Неуловимая подача - Лиз Томфорд
– Папа, а ты что скажешь?
Человек, на которого я хочу произвести впечатление, откусывает еще кусочек лимонно-творожной глазури.
– Феноменально. Как всегда.
Я понимаю, как он мной гордится, и чувствую, что моя улыбка так и сияет в свете кухонных ламп. Вот почему я занимаюсь тем, чем занимаюсь, чтобы убедиться, что он знает: в своей жизни я делаю что-то такое, ради чего ему имело смысл отказаться от своей собственной.
Сегодня я чувствую себя лучше, как будто я на правильном пути, чтобы вернуться в то состояние, в котором пребывала до того, как на меня обрушилось все это давление, и я знаю, что главная причина этого – Кай.
То, что он организовал это для меня, – никто никогда не делал ничего настолько продуманного. Он весь вечер играл роль су-шефа, доставая мне ингредиенты, когда это было необходимо, и убирая после того, как я все приготовила. На его лице все время играла гордая улыбка, и я никогда так не любила находиться на кухне, как сейчас, когда он сидит рядом со мной. Единственное, что могло бы улучшить ситуацию, – это если бы Макс тоже сидел на кухонном столе, но ему давно пора спать.
Сегодня вечером я работала четко и собранно. Совсем не так, как когда готовила с Максом. Я больше походила на известного шефа-кондитера, который помогает кухням получать звезды Мишлен, хотя у меня и были видны татуировки и кольцо в носовой перегородке. И на кухне я чувствовала себя собой, как никогда раньше.
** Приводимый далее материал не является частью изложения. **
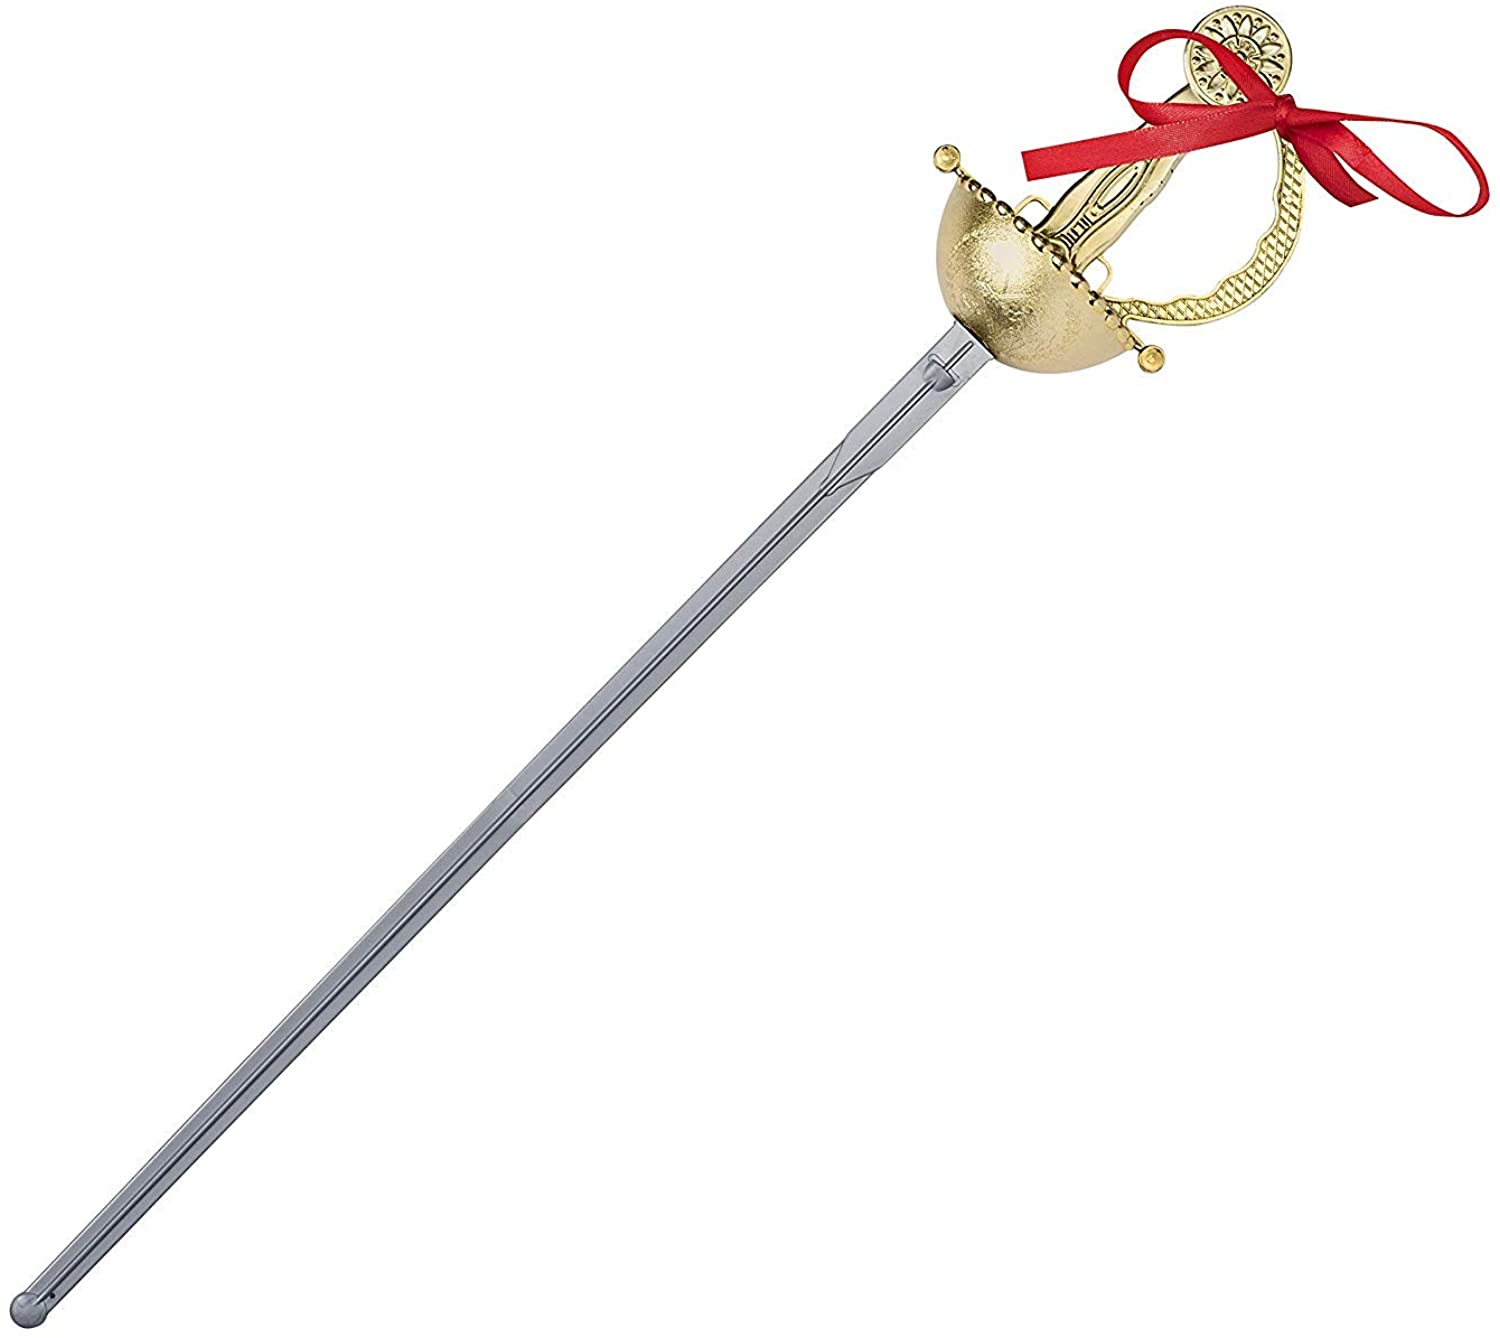 Musketeers Toy Sword

Но самое страшное открытие состояло в том, что теперь я действительно не знаю, как смогу вернуться к работе без ободряющих слов Кая, которые он тихонько шепчет мне на ухо, или его руки, лежащей на моей пояснице, когда он хочет проверить, не нужно ли мне чего-нибудь.
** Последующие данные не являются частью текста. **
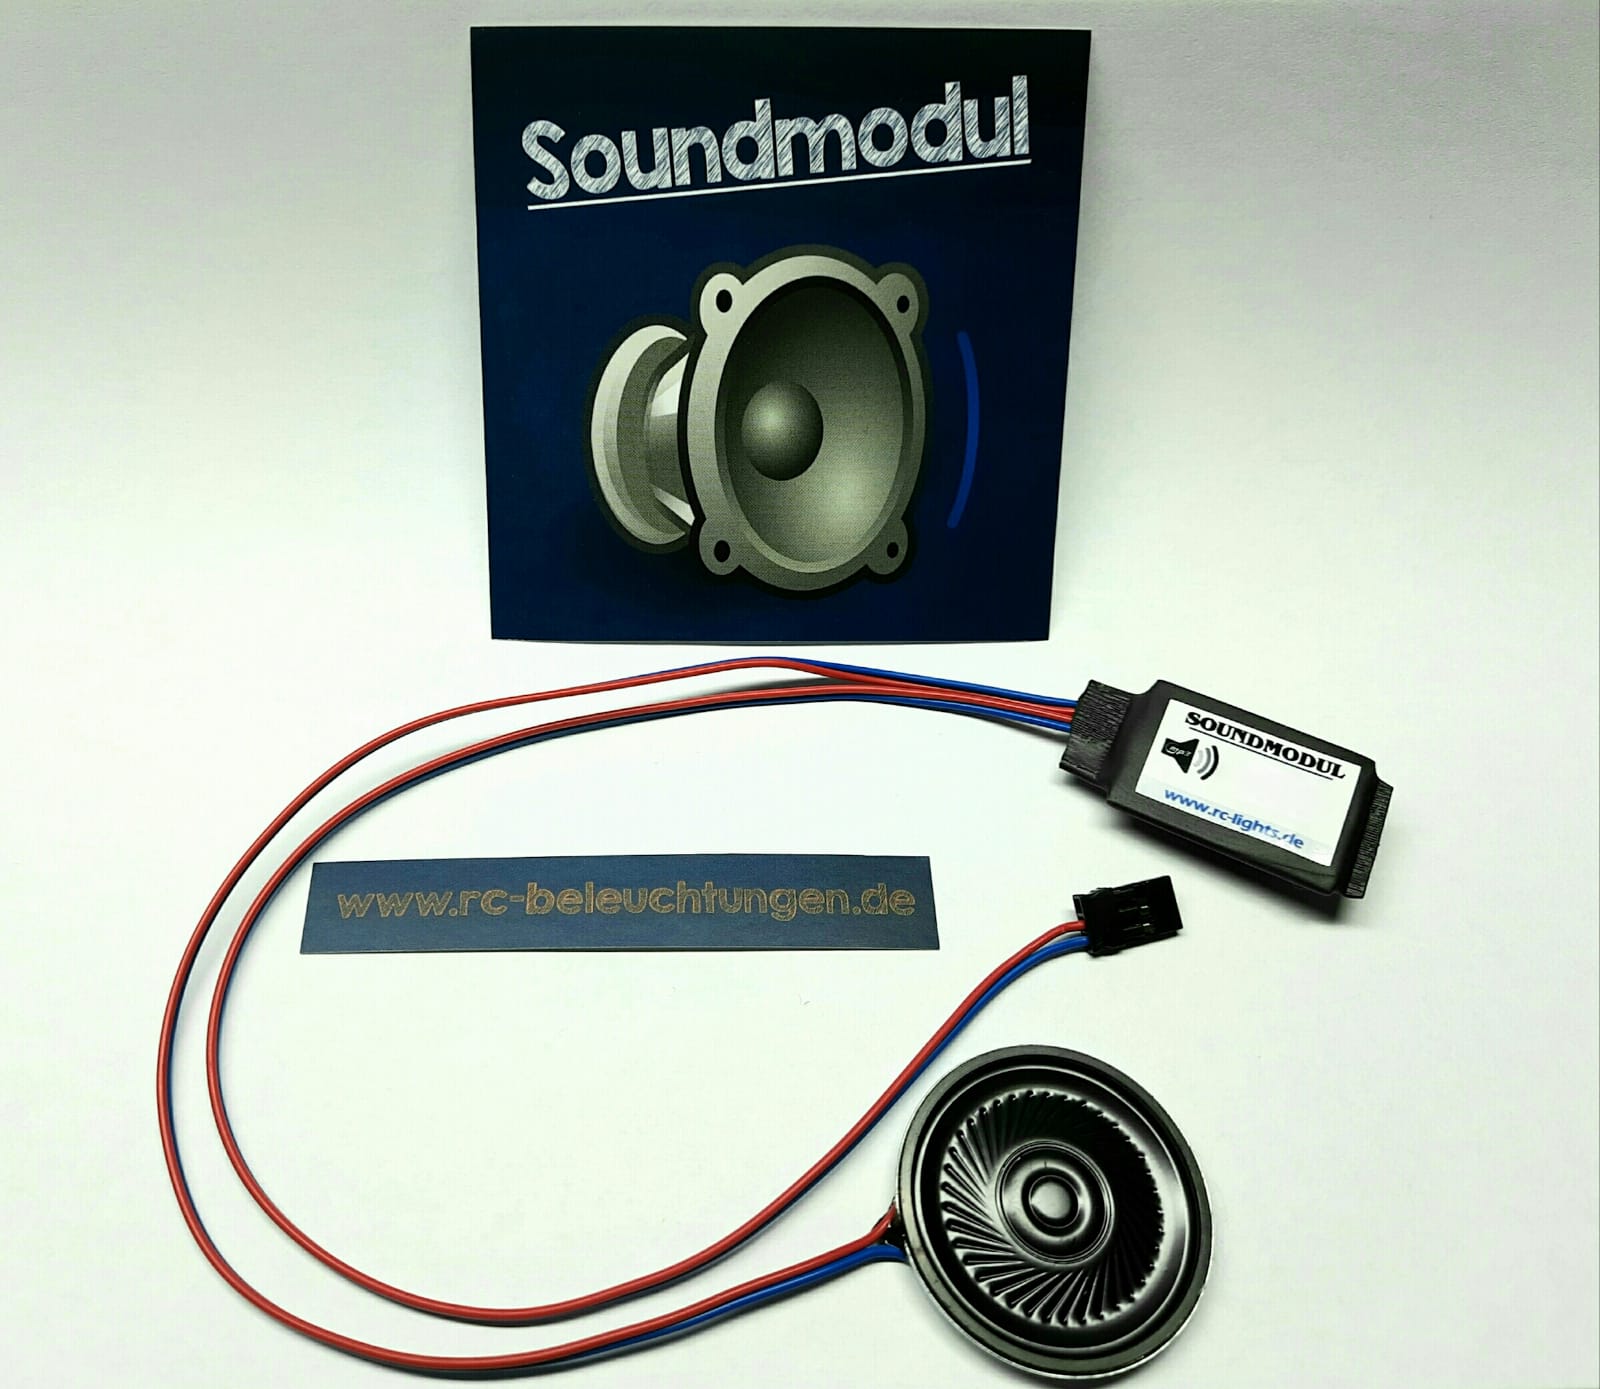  Beleuchtung RC Car - LEDs & Zubehör Modellbau Sounds  Blitzlicht - RC Soundmodul Sound  MARTINSHORN  FEUERWEHR Geräusch

Сегодняшний вечер был идеальным. Кай был идеальным, как и всегда.
И через две недели его рядом со мной больше не будет.
Желая быть рядом с ним, я подхожу к раковине, где он моет посуду. Облокачиваюсь на столешницу, поворачиваясь к нему лицом.
– Отличная работа, Миллс, – говорит он, и на его губах появляется гордая улыбка.
– Спасибо. И спасибо тебе за сегодняшний вечер. Это было… как раз то, что мне нужно.
– Чувствуешь себя лучше?
Я киваю, желая приподняться на цыпочки и нарушить собственные правила, прижаться губами к его губам и поблагодарить его. Он такой красивый, такой добрый. И так сильно заботится о своих людях.
Я хочу навсегда спрятаться в его доме, просто чтобы иметь возможность назвать себя одним из этих людей.
Ого… Нет, не хочу.
– Ты такая хорошенькая, – говорит он, продолжая мыть посуду, которой я пользовалась. – Фартук на талии. Волосы на макушке. То, как ты творчески мыслишь за работой. Мне понравилось смотреть на безупречного кондитера, который под своим поварским халатом не так уж безупречен.
– Что ж, тебе повезло, может быть, сегодня вечером ты еще и увидишь, что скрывается под фартуком.
– Может быть? – Его глаза загораются от возбуждения. – Тебе не кажется, что мы перестали быть недотрогами?
Я поворачиваюсь к нему.
– С тобой, Малакай, мы никогда не перестанем быть недотрогами.
Наклонившись, он, посмеиваясь, целомудренно целует меня в макушку.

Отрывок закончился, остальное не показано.